To change a worn or defective drill bit, the entire rod must be pulled out of the already drilled borehole. This is usually done in trains of 2 to 4 rod elements, that is, 2 to 4 rod elements remain screwed depending on the height of the derrick. The complete pulling and reinsertion of the drill string is called a round trip . In the German drilling language, which is hardly used today, this process of catching up, changing chisels and letting in was called the chisel march .

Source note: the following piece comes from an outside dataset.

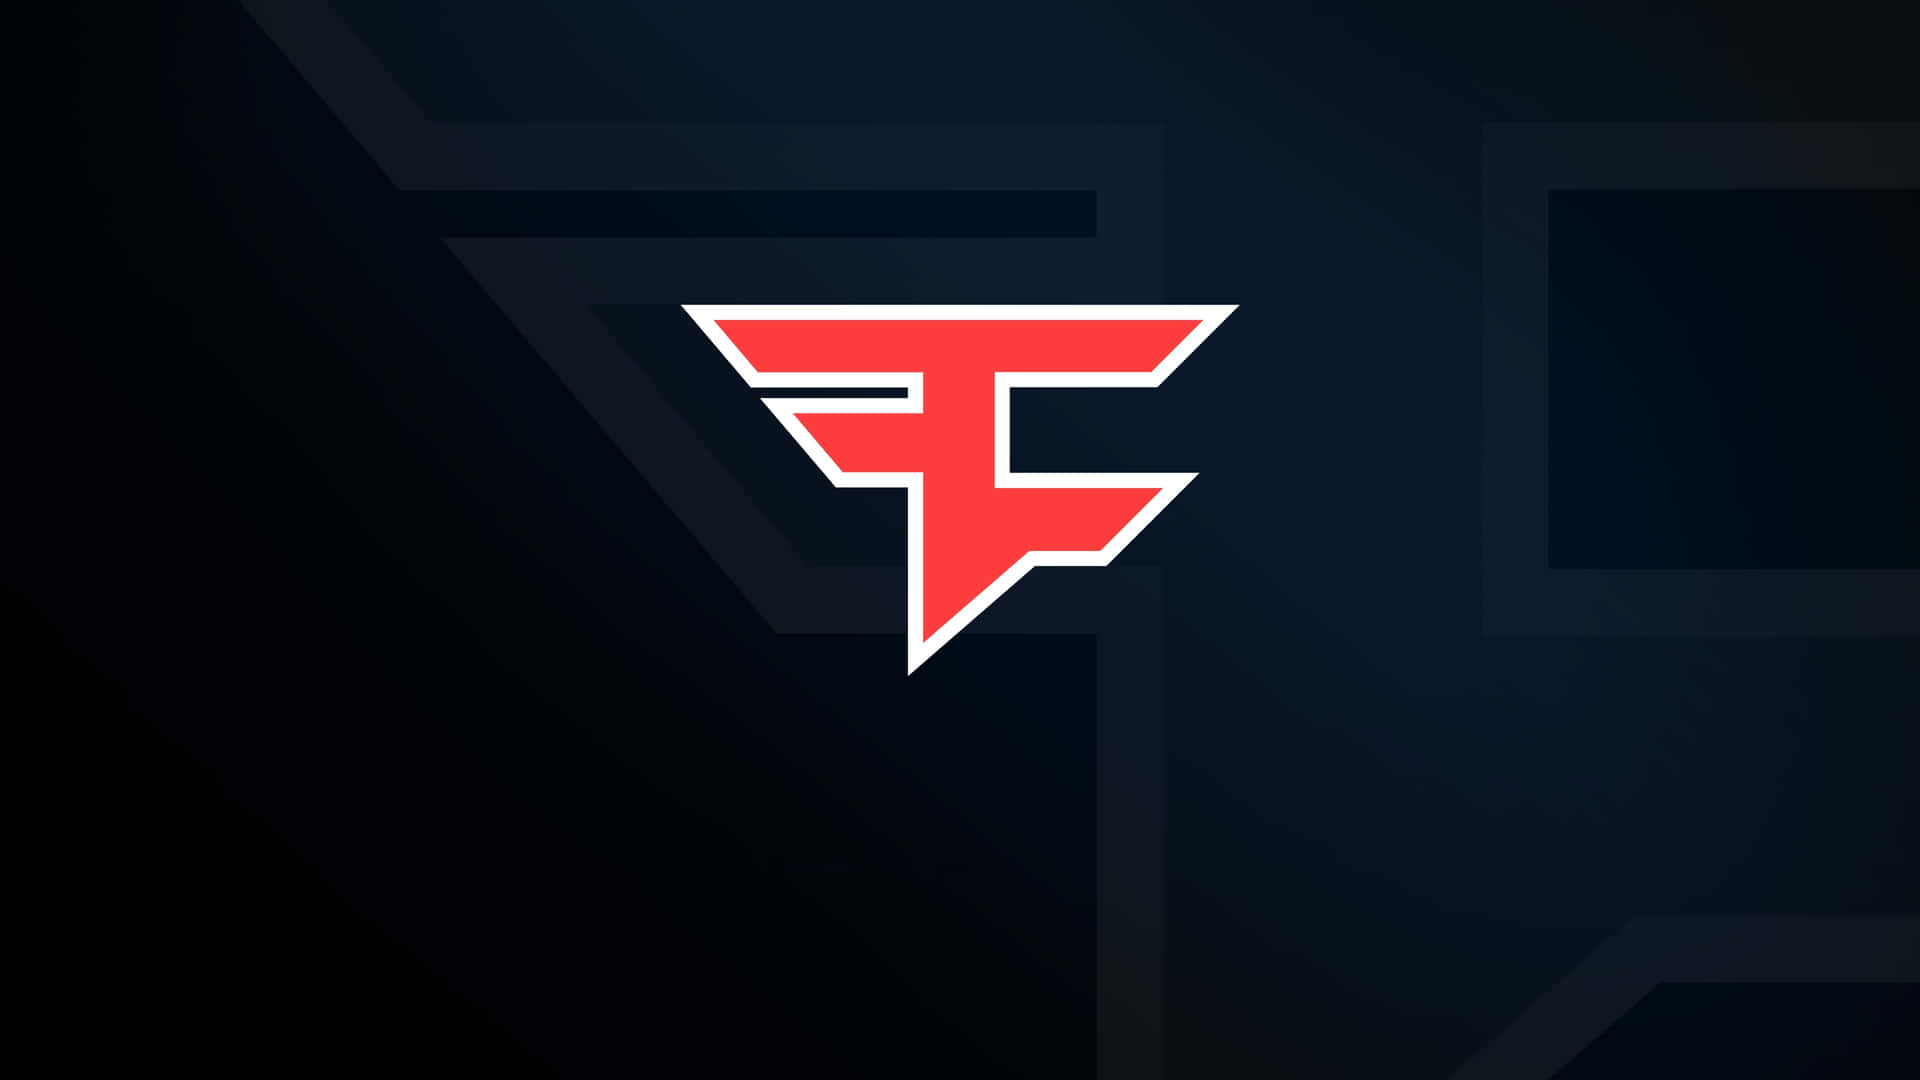 Faze Rug - The Master Of Social Gaming Background

As early as 1844, the Briton Robert Beart registered a patent for a drilling method that largely corresponds to modern rotary deep drilling technology. The rock, which has been shredded by a rotating chisel, is continuously removed by a flushing liquid that is pumped down through the drill rod and emerges from the chisel. The high technical demands (transmission of a large force to a movable drill rod, continuous supply of the flushing fluid into a constantly rotating pipe, need to regulate the load acting on the drill bit) prevented the implementation of the concept for a long time. Even after solving most of the problems, the rotary method was considered to be too susceptible to failure and thus inferior to the hammer drilling method until after the First World War .

The first famous application of the Rotary method was the drilling on Spindletop Hill near Beaumont (Texas) , which on January 10, 1901, encountered high-pressure crude oil at a depth of 347 m. A huge eruption ensued, as a result of which around 100,000 barrels of crude oil were ejected uncontrollably from the borehole and siphoned off from the oil lake that had formed. Suddenly, US oil production had tripled.

Commonly known as Spindletop Gusher or Lucas Gusher (after the hole by leading geologists Anthony Lucas - named - native Antonio Luchich) known event was in Texas a petroleum boom with lasting effects on the economy of the United States to escape.


  • Springer, FP: On the history of deep drilling technology from the perspective of textbooks and specialist books , Erdoel-Erdgas-Kohlen Heft 7/8, 2009 pp. 308–314.